TASK STATEMENT —
Nothing but a verbatim copy of the data, minus the images, should be returned.

GIVEN INFORMATION —
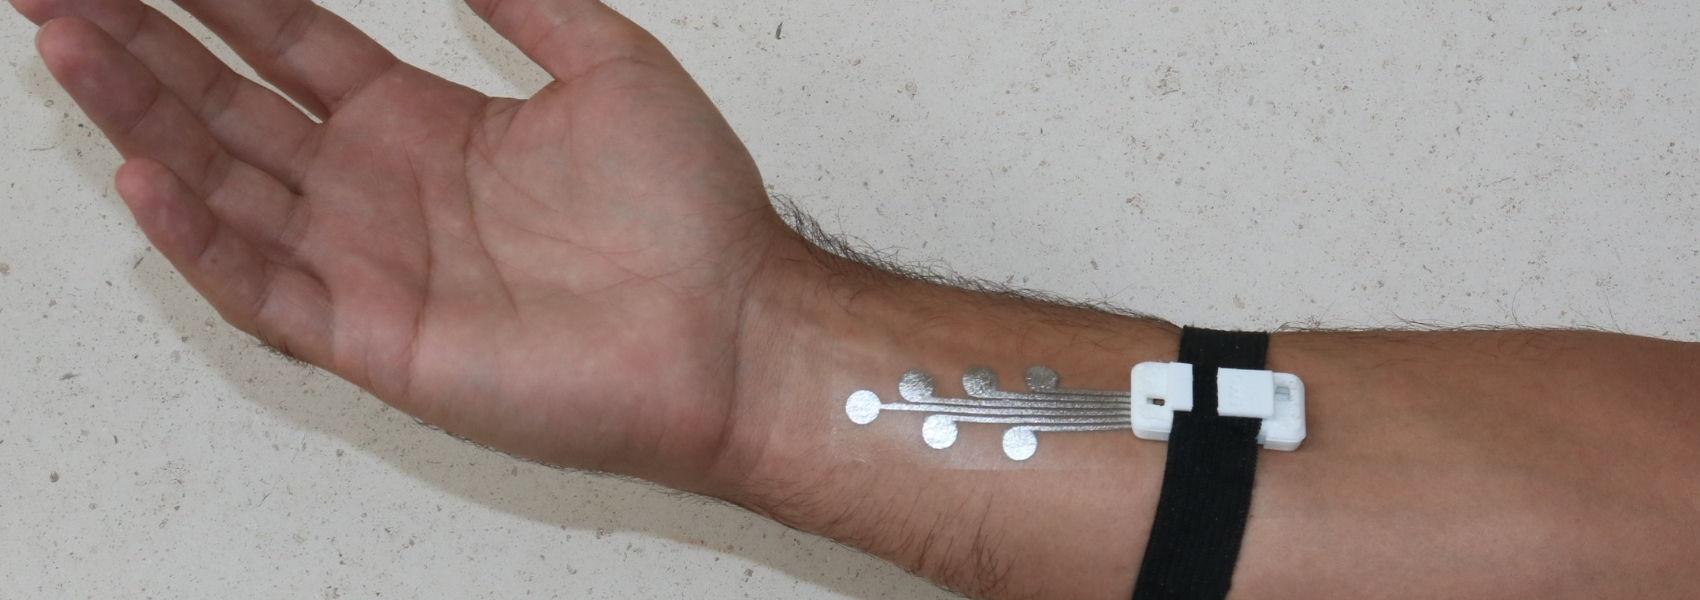 Tatuagens para monitorizar saúde
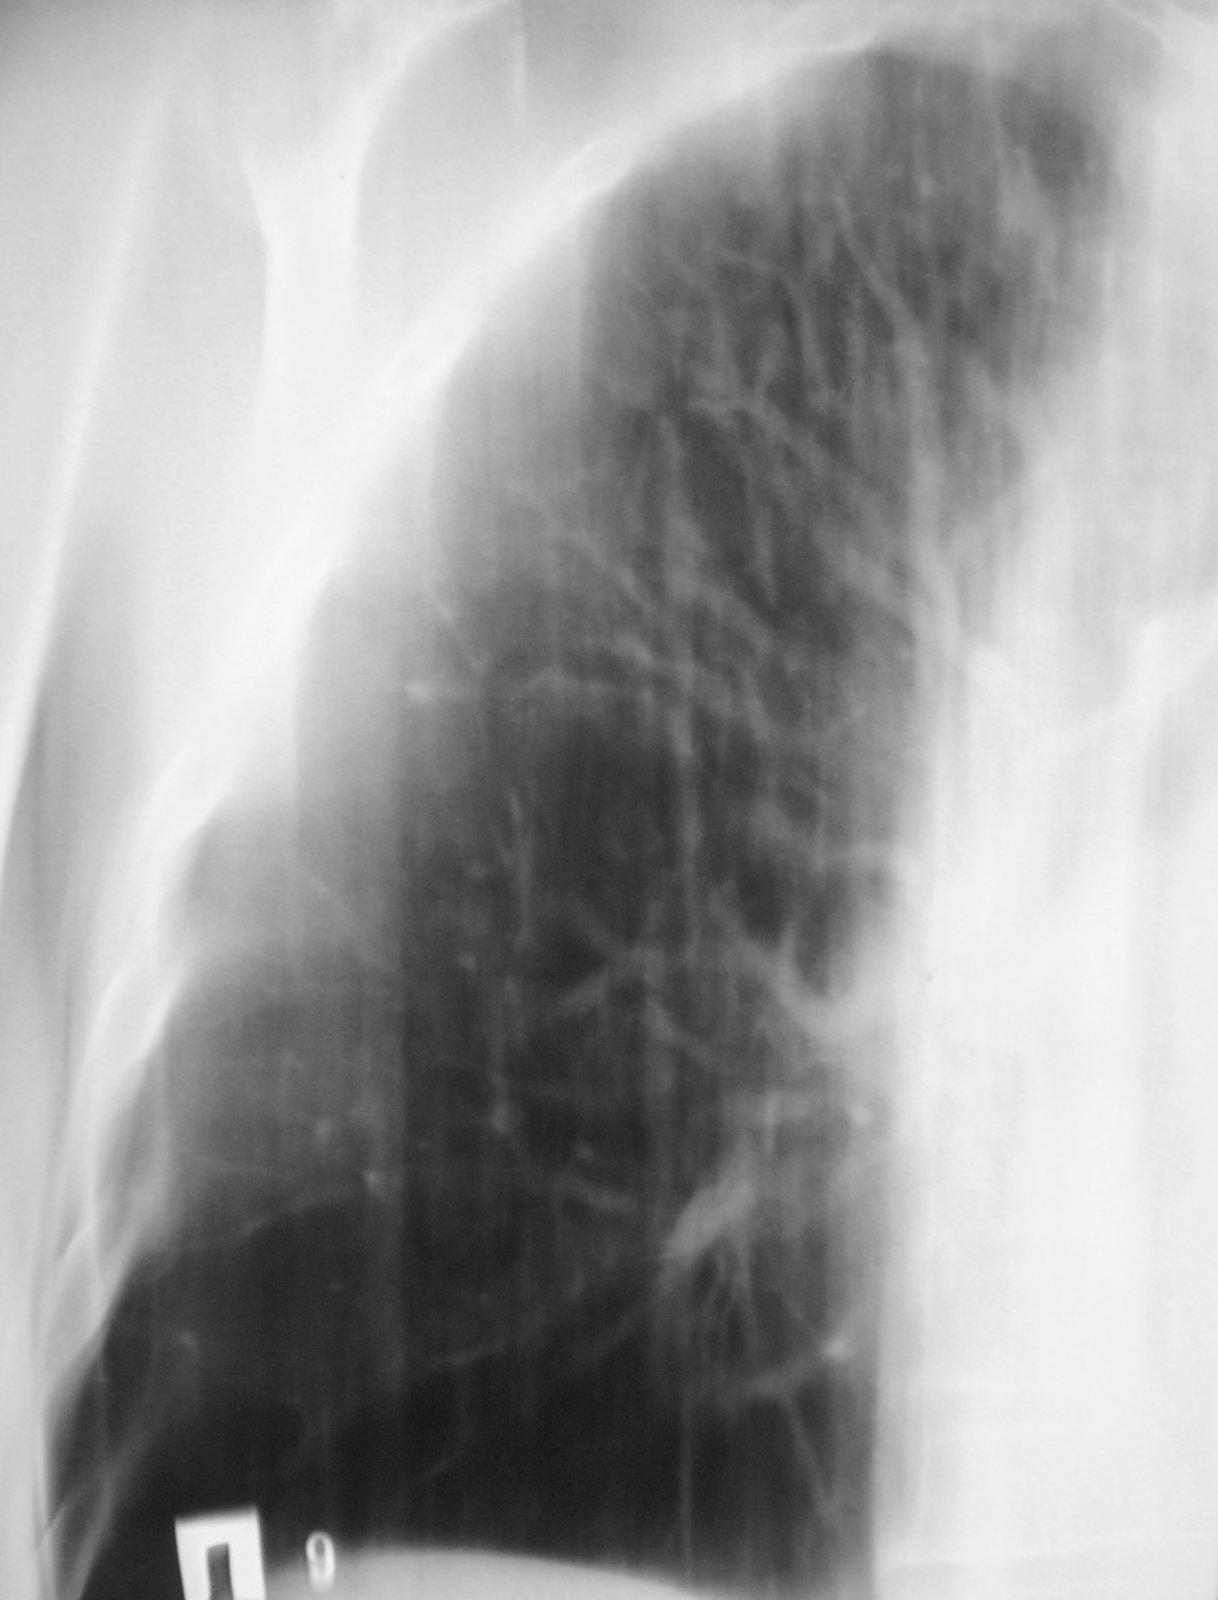 Пневморентгенография
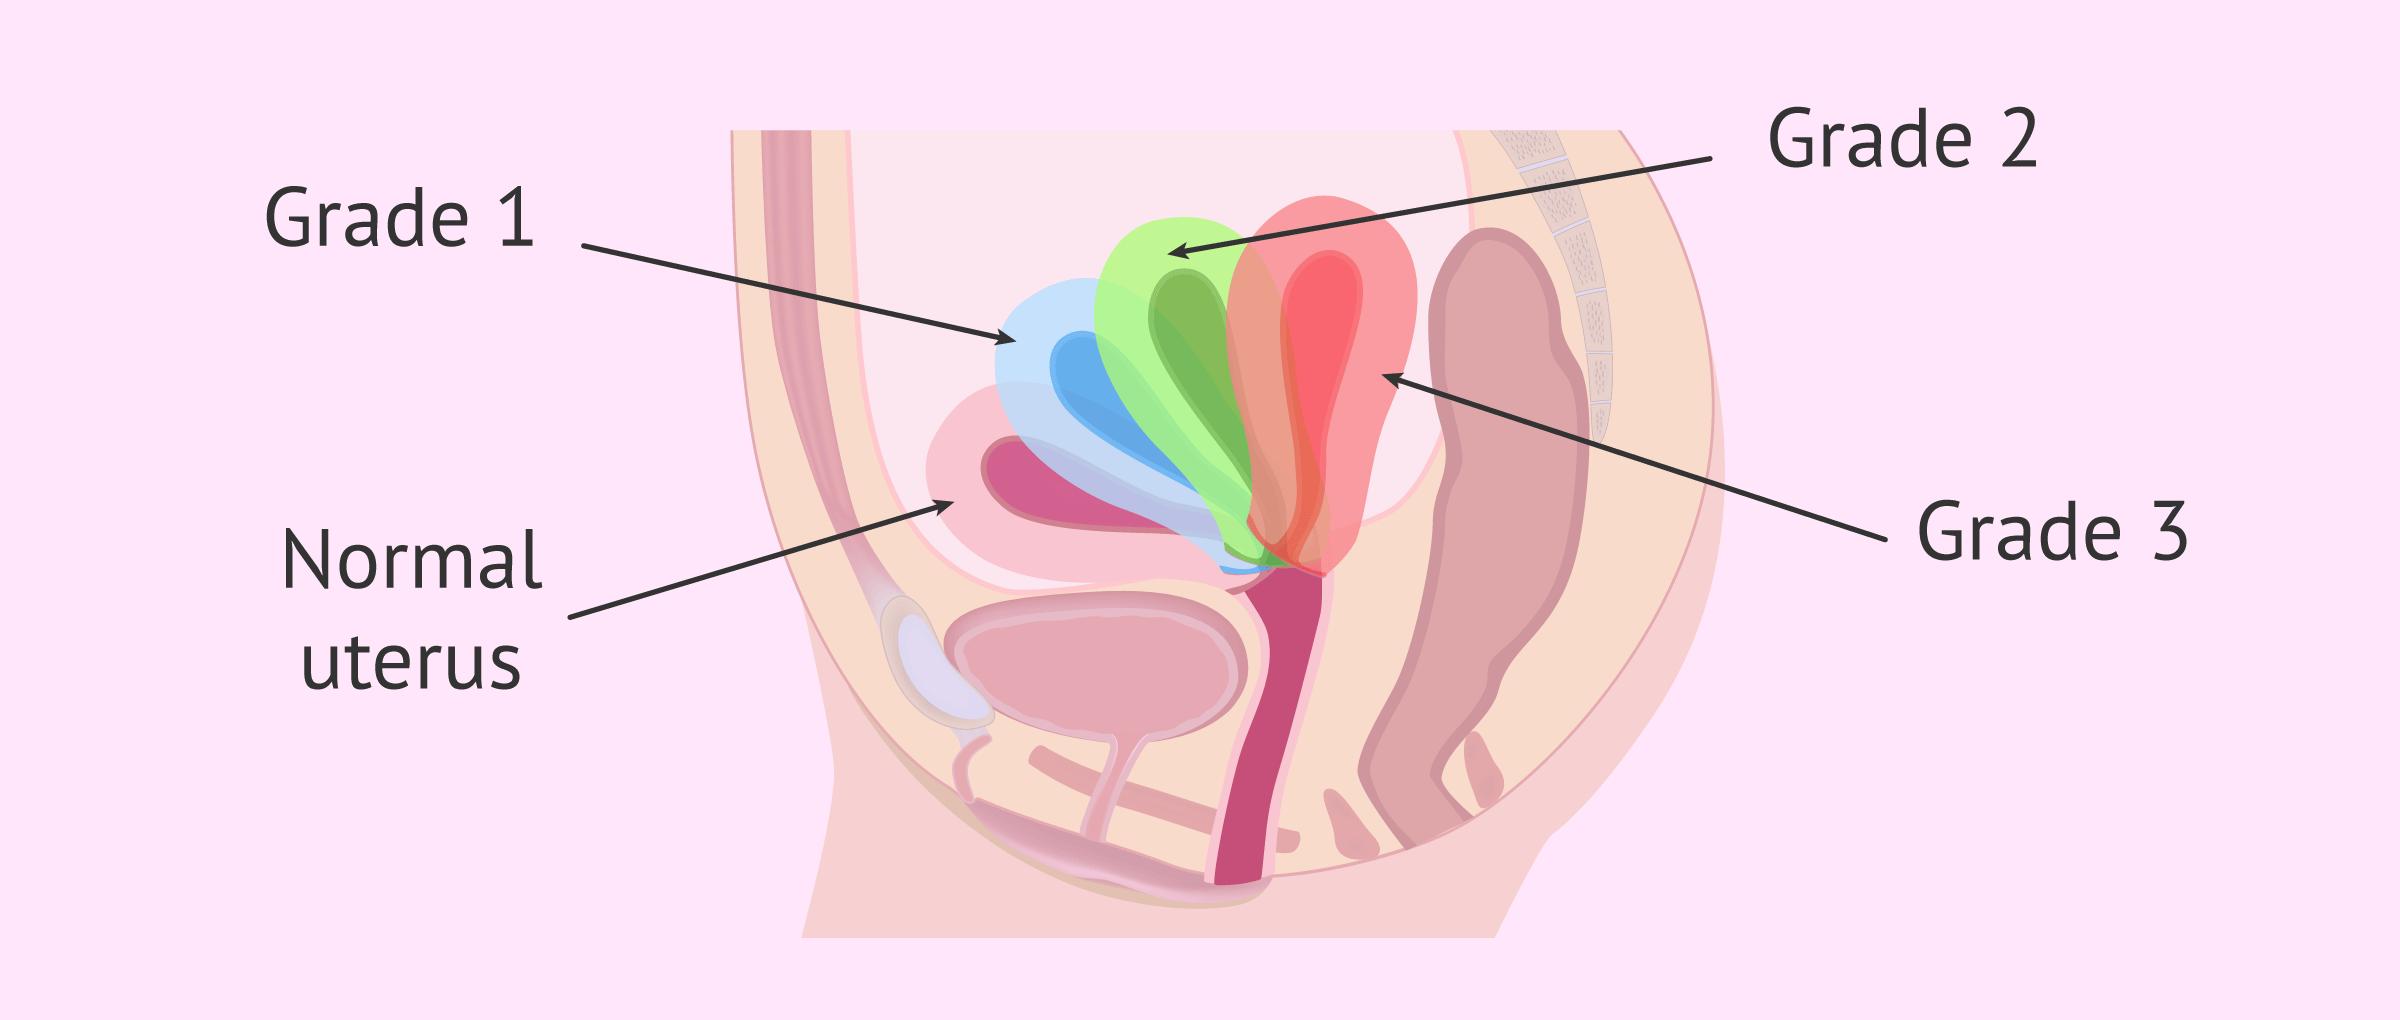 grades of tipped uterus

RESPONSE BELOW —
 Tatuagens para monitorizar saúde
 Пневморентгенография
 grades of tipped uterus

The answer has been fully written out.